Lupita Nyong'o Talks to Allure About Embracing Her Hair: 'I've Tried It All'


Good morning, it’s another Monday, and Lupita Nyong’o once again looks radiant. Here she is, wearing beaded braids on the March cover of Allure, where she talks about the politics, stigmas, and insecurities attached to the subject of black hair.

In an interview with Michelle Lee, Allure’s editor-in-chief, Nyong’o went deep about her relationship with her hair, the struggle of relaxers, and natural haircare. Black Panther, which finally hits theaters this week, made sure to represent a variety of traditional black hairstyles, from braids to fros and wigs, on screen. It goes without saying that black textures are more openly celebrated, but Nyong’o remembers having a hard time embracing her hair growing up. She recalls begging her parents to have her hair straightened:

“I was really kind of envious of girls with thicker, longer, more lush hair. In my tween years, I started begging my mother to have my hair relaxed. She wouldn’t allow it, though her hair was relaxed. She felt that that was a decision I could come to when I was maybe 18. Around 13 or 14, I had such a rough time with being teased and feeling really unpretty. My dad intervened and spoke to my mom about my hair, and she finally agreed.

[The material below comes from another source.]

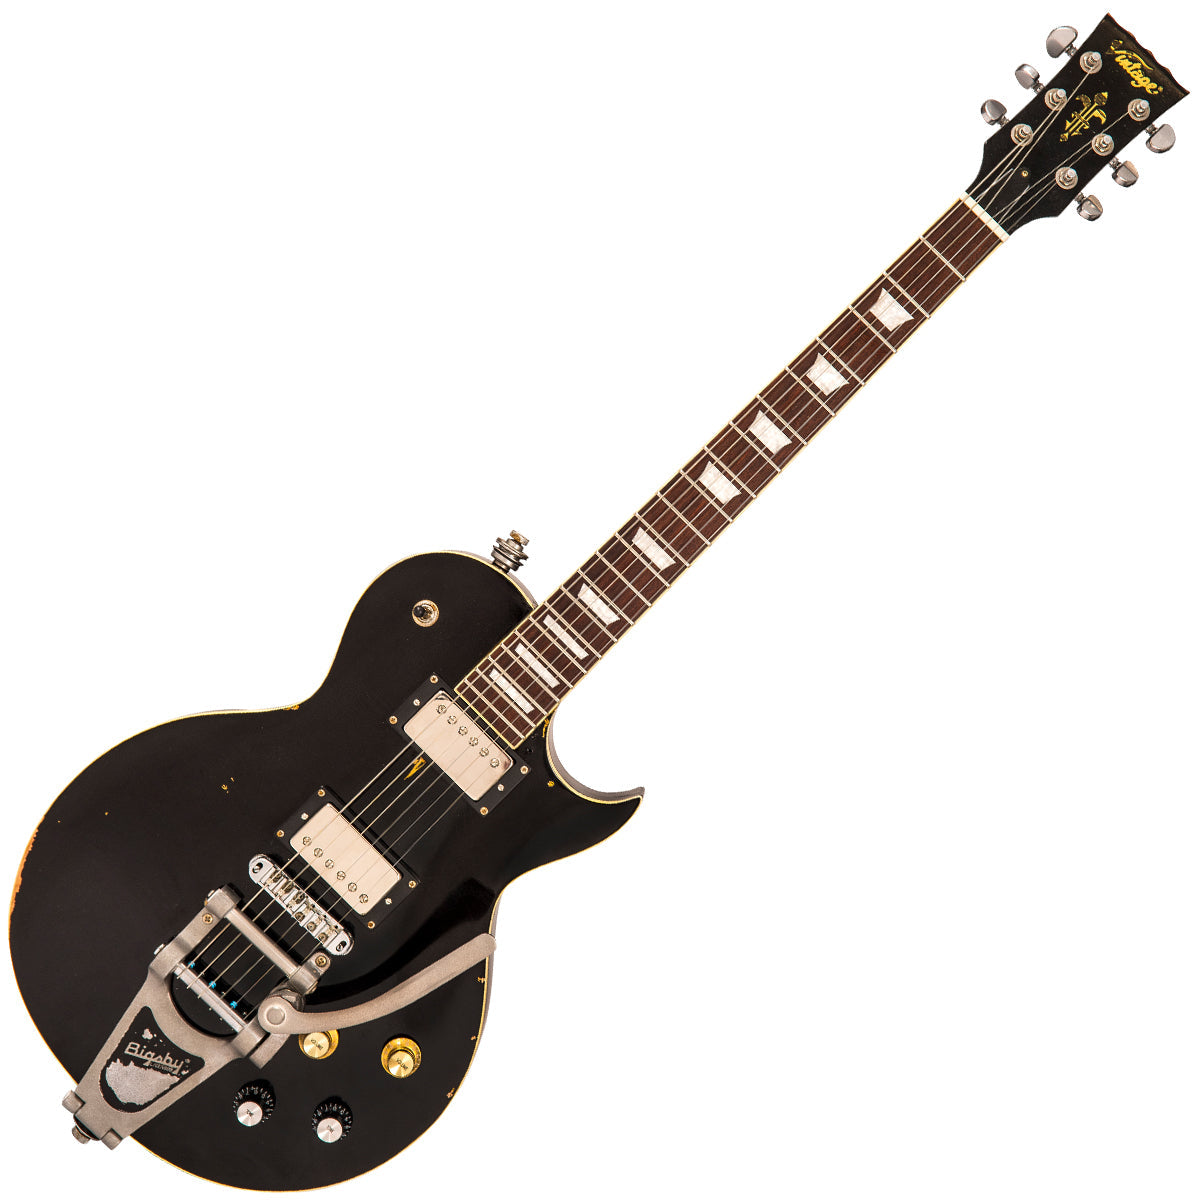 SOLD - Vintage V100 ProShop Unique ~ Vintage Black, Electric Guitars for sale at Richards Guitars.

Nyong’o says she stopped getting relaxers and felt liberated when she finally went bald, after her dad jokingly suggested she shave all her hair off. “It was almost a dare to myself: Can I live without hair?” she says, adding that her mother was “horrified” upon seeing her without hair. That reaction is probably familiar to many of us—the state of your hair as somehow a reflection of your mother’s love and achievements, not to mention her financial commitment since parents end up footing most of those salon bills:

I remember her saying that: “I’ve been growing that hair since you were born—how can you? Then I felt really self-conscious. It was hard to see the horror on my mother’s face. She was so disapproving, and I was so sensitive about it at the time, that I started to get scared that I had done the wrong thing.”

Another relatable struggle for me: Nyong’o says after leaving Kenya, she couldn’t find a decent hair-braider in the States:

Moving to the U.S. was very difficult because I didn’t have the same kind of support system. [Braiding] services were not readily available in Amherst, Massachusetts. For a long time I would braid my hair in Kenya and then spend months with the braids in when I got to the States so that I didn’t have to worry about my hair. Also, my hair did something very different in freezing weather, which I didn’t know how to handle. My hair needs moisture. It needs warmth. All of a sudden I was in this very cold environment, and my hair was bristly and dry and really hard to manage. One of the summers I went back home, I asked my aunt to teach me how to braid hair because I wanted to be able to do my own hair. I worked in her salon, and she taught me cornrowing, and twisting and plaiting.

There’s definitely great freedom in learning how to braid and upkeep hair that’s perceived as “difficult.” Nyong’o adds:

Even in Kenya—you’d think we are predominantly African and black out there—but when I finally had my hair natural, the hairstylist that I had been going to for so long with my relaxed hair didn’t know what to do with my natural hair and just kept offering me different chemicals to put in it. In the end I was like, “Why don’t you know?” And he was like, “We don’t learn how to do natural hair in school.” That baffled me. I just felt it was so unacceptable. So I couldn’t really learn what was good for my hair until I left, which is bizarre. Now, of course, things have really changed.

There’s now, as she notes, better visibility and a buttload of resources available to black women about natural haircare. With all this public knowledge about black hair, there’s also been new, debatable terminology. Nyong’o says:

But the term “African-American hair” is inaccurate because I’m not African-American. And I think the term “African-American” is often used as a racial term when it’s a cultural group that does not encompass every single person of African descent. So there’s that. So when you say “African-American,” you’re not actually addressing what you think you’re addressing. That’s a national identification, and it cannot be about the hair. I like the term “kinky.” Some people don’t like that term, but when I think about my hair, I think of it as African kinky hair.

Nyong’o, who gets done up by her hairstylist Vernon François, says she’s still learning herself. “You go on YouTube, and there are just so many different ways of upkeep of one’s natural hair. It’s honey and rosemary water and avocado-paste conditioning and whatnot. I’ve tried it all,” she says. “Now I love my hair. I love it because I’ve also been able to really embrace the stuff it can do. It’s like clay in the right hands. Clay can be dirt in the wrong hands, but clay can be art in the right hands.”